§ **What to work on**: Transcribe exactly, and without pictures, only the lines from the one bearing "Hyperdimension-Neptunia-Purple-Heart-Cosplay-Gamers-Heroes-4.jpg" through the final line of the data below.

§ **Given data**:
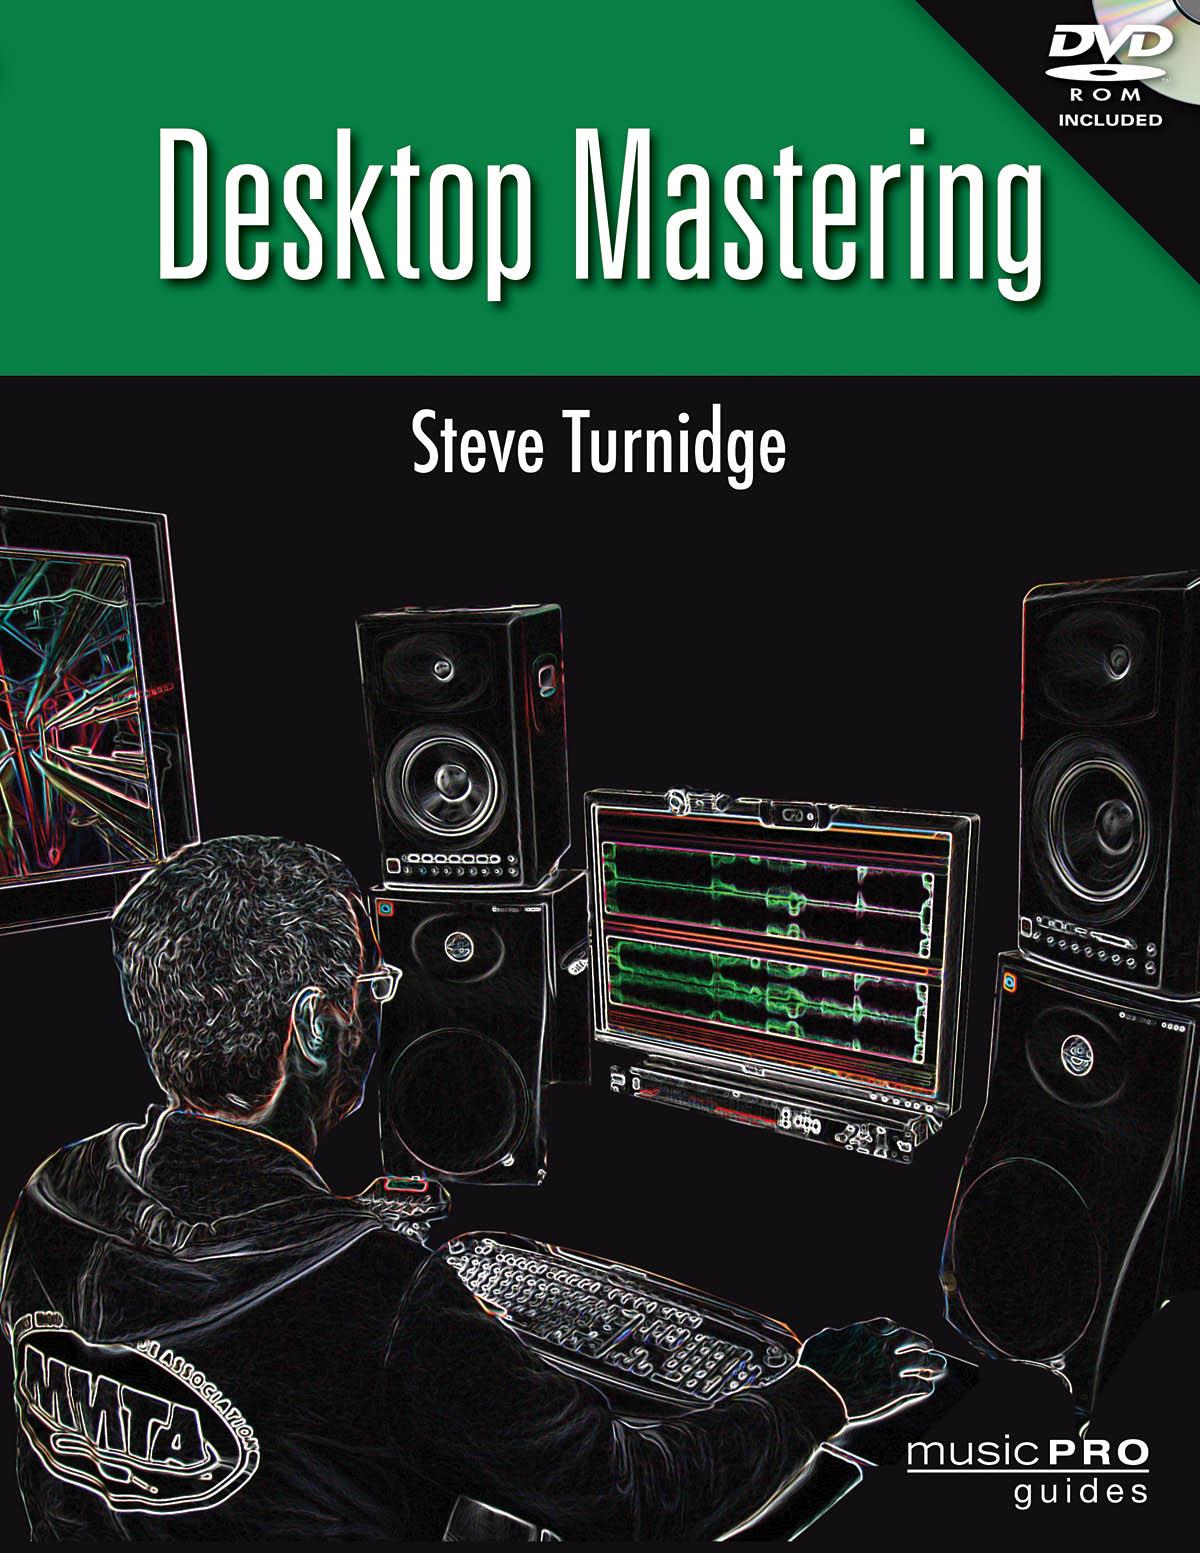 Desktop Mastering
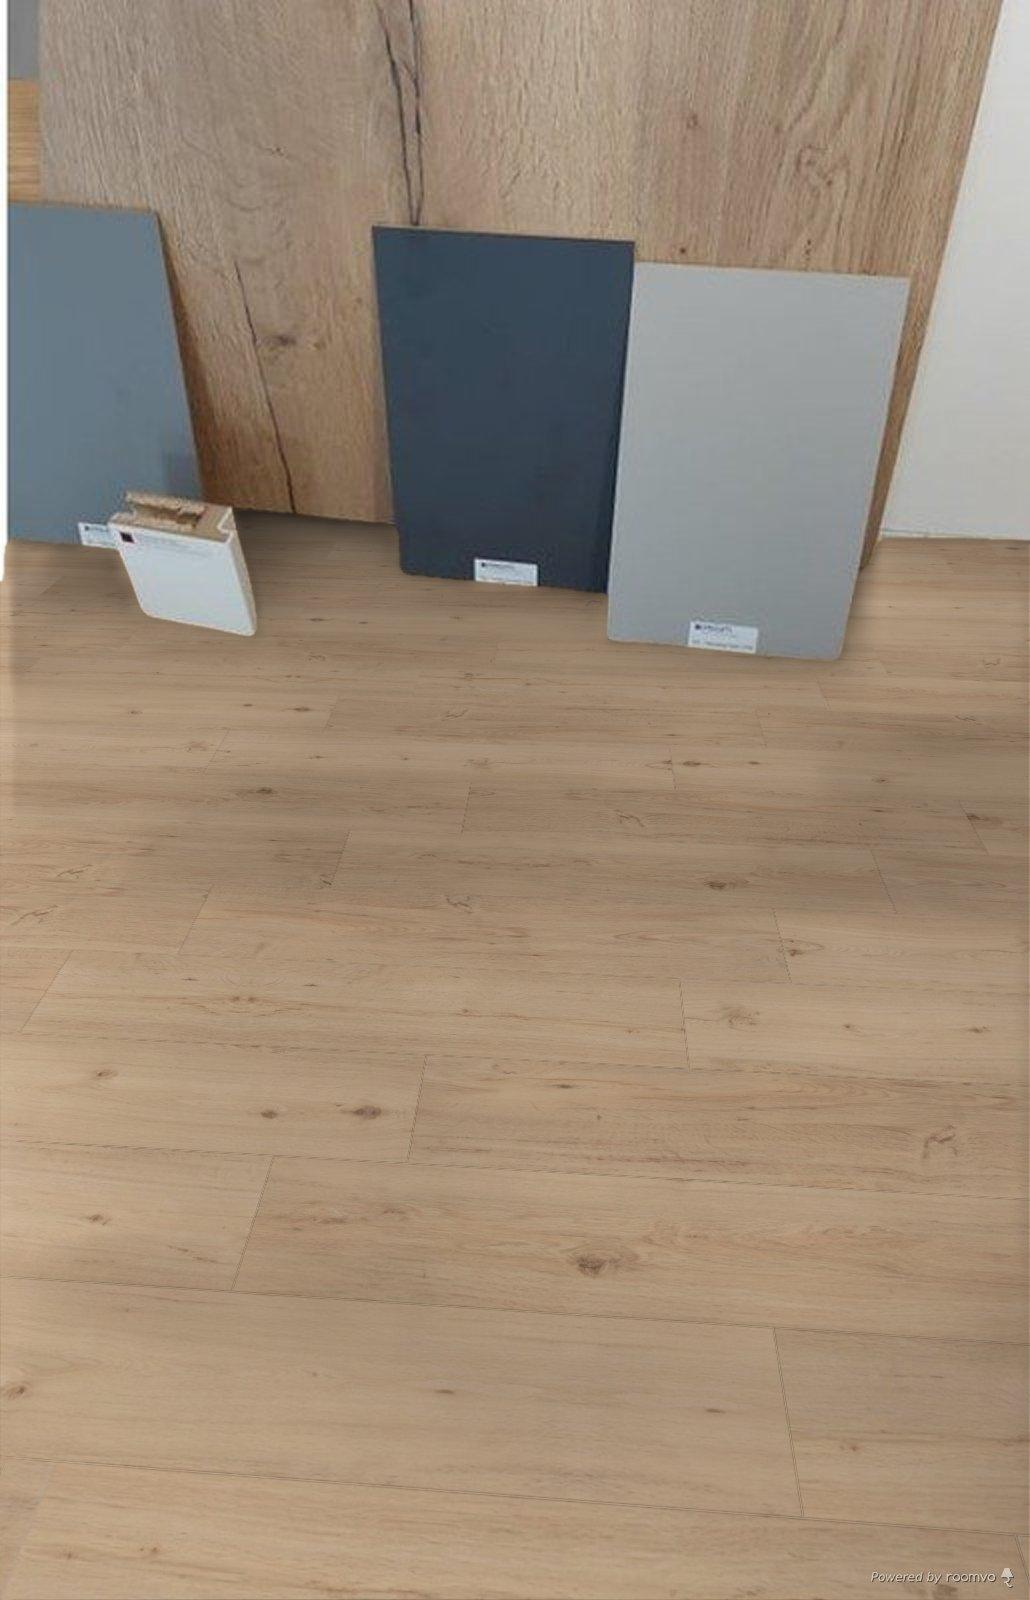 Co vyberem za dvere? - s nasi podlahou
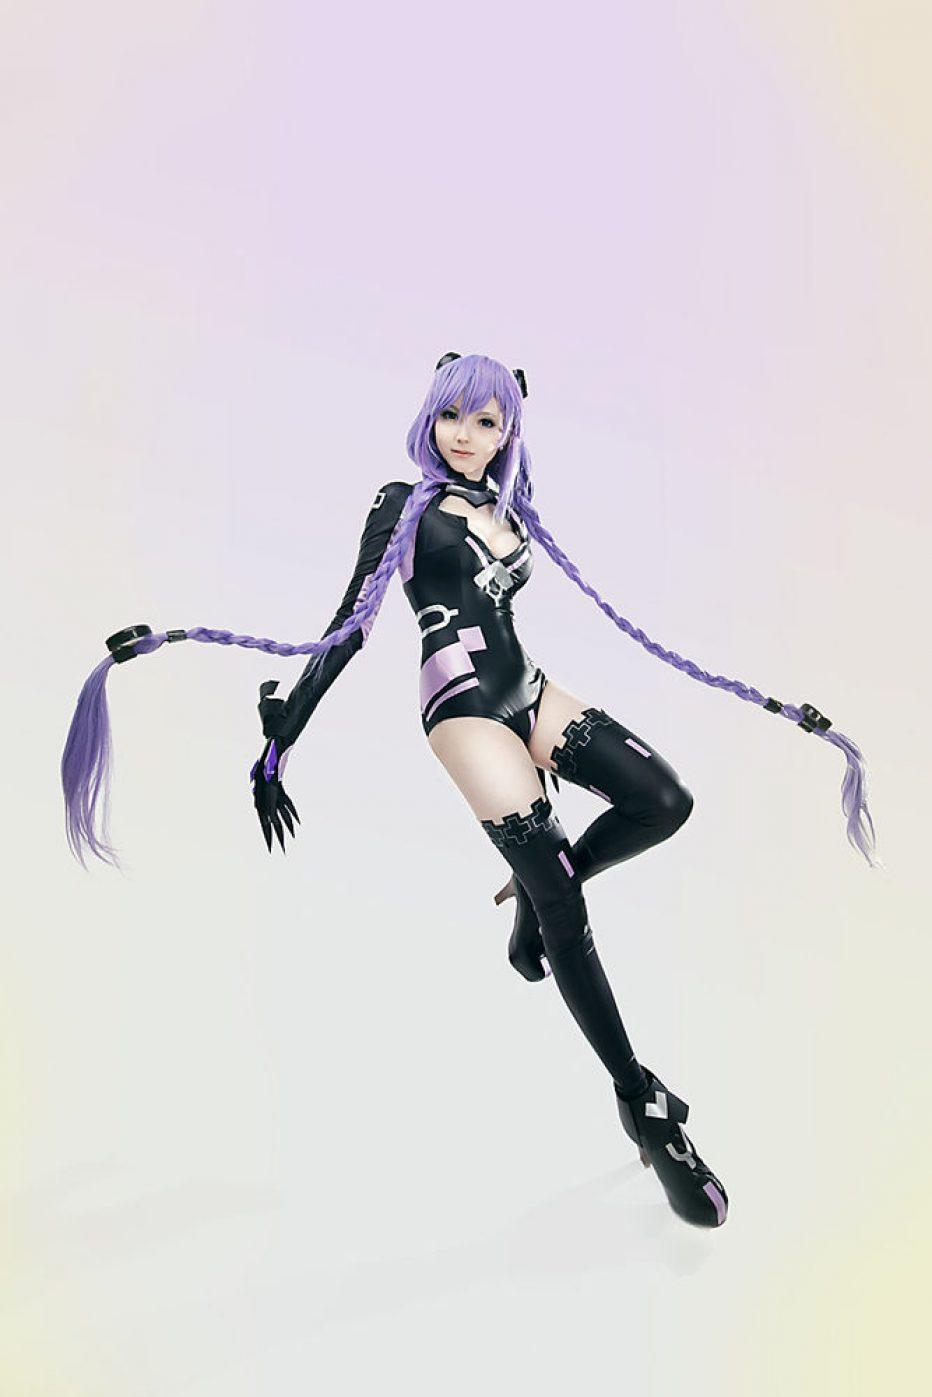 Hyperdimension-Neptunia-Purple-Heart-Cosplay-Gamers-Heroes-4.jpg
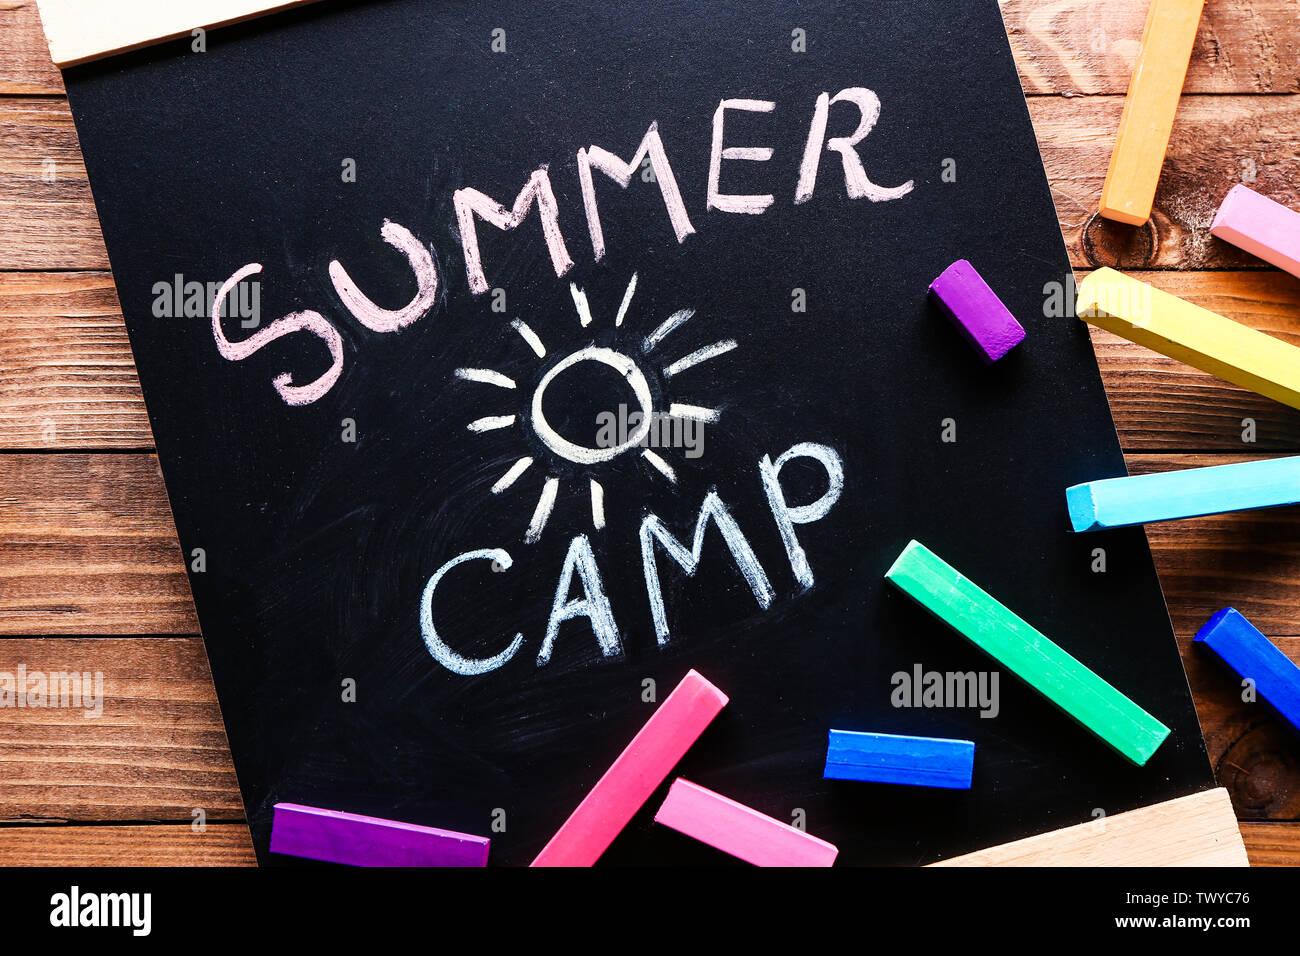 Tableau avec texte SUMMER CAMP et craies sur table en bois Photo Stock

§ **Exercise result**:
 Hyperdimension-Neptunia-Purple-Heart-Cosplay-Gamers-Heroes-4.jpg
 Tableau avec texte SUMMER CAMP et craies sur table en bois Photo Stock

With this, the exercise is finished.